The spread is one of those technical terms in the world of trading that serve to understand in a faster and more unequivocal way certain concepts that are fundamental when making investments safely and correctly.
On the other hand, in the framework of trading, the use of this word can occur in markets as diverse as the stock market, CFDs and Forex. One of the keys to operating with solvency is to study the characteristics and movements of each of them.
For this reason, we defend that it is necessary to train, for example, through our Forex trading course. In this sense, knowing the vocabulary of its operations is essential to carry them out without inconvenience.
For our part, we inform you that the word that stars in this text refers to the difference between the price at which you buy a security and at which you sell it. Likewise, the definition coincides with that relating to the difference found between the amount of supply (ASK) and that of demand (BID).
On the other hand, you should know that this indicator depends on the price that each broker will charge you for the commission related to each operation in which it participates. And remember that you need their contest to carry them out.
What factors influence the spread?
On the other hand, it is an indicator that will vary depending on certain circumstances. Below we review with you the ones that influence you the most. Take note of them.
Spreads get smaller the more participants (buyers and sellers) make use of the underlying assets. For example, one characterized by these narrow margins is the one associated with the pair made up of the euro and the dollar.

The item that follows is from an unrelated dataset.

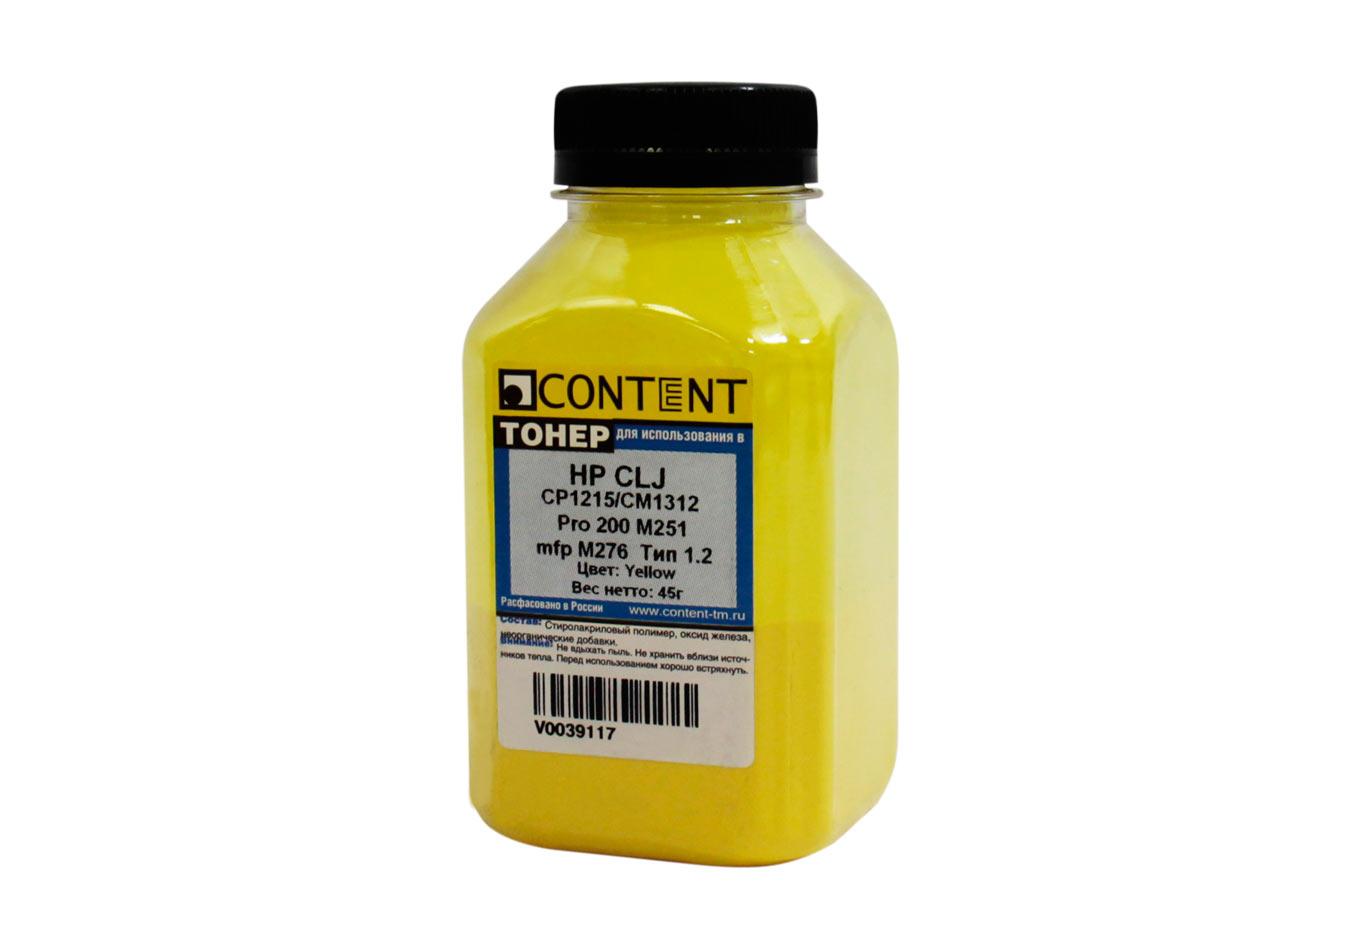 Тонер Content для HP CLJ CP1215/CM1312/Pro 200 M251/mfp M276, Тип 1.2, Y, 45 г, банка

The spread, meanwhile, can increase when investors stop using one of these assets.
It has to do with the variability that prices experience when there are macroeconomic events of some relevance, such as the decisions of the United States Federal Reserve or the European Central Bank. The communications of these institutions cause immediate effects on prices, so that those who have inside information have the advantage of being able to cushion the risks.
Finally, this data linked to liquidity also influences. Beyond the normal hours of market activity, price fluctuations increase.
Classes of spreads in Forex
Finally, we must point out that, based on the conditions of the specific negotiations and the investment styles of the traders, certain amounts are established for the commissions that you must pay in carrying out each operation. Pay attention.
Fixed spreads are characterized by the collection by brokers of the same amount as commission on all orders. As it will not change even in the different markets in which it operates, it offers certain stability to investors.
But, in addition to the above advantages, there are some drawbacks associated with fixed spreads. As they are higher than the variables, they should not be maintained in contexts of low volume or high volatility.
Regarding variable spreads, they are characterized by greater volatility, since they fluctuate on the same day. When the market is in favor, these spreads are smaller than the fixed ones. But when some major macroeconomic news is announced, they can quadruple or quintuple.
In short, if you are starting out, opt for a low spread (for example, in intraday trading and scalping), as it gives you profitability and avoids risks more typical of experienced investors.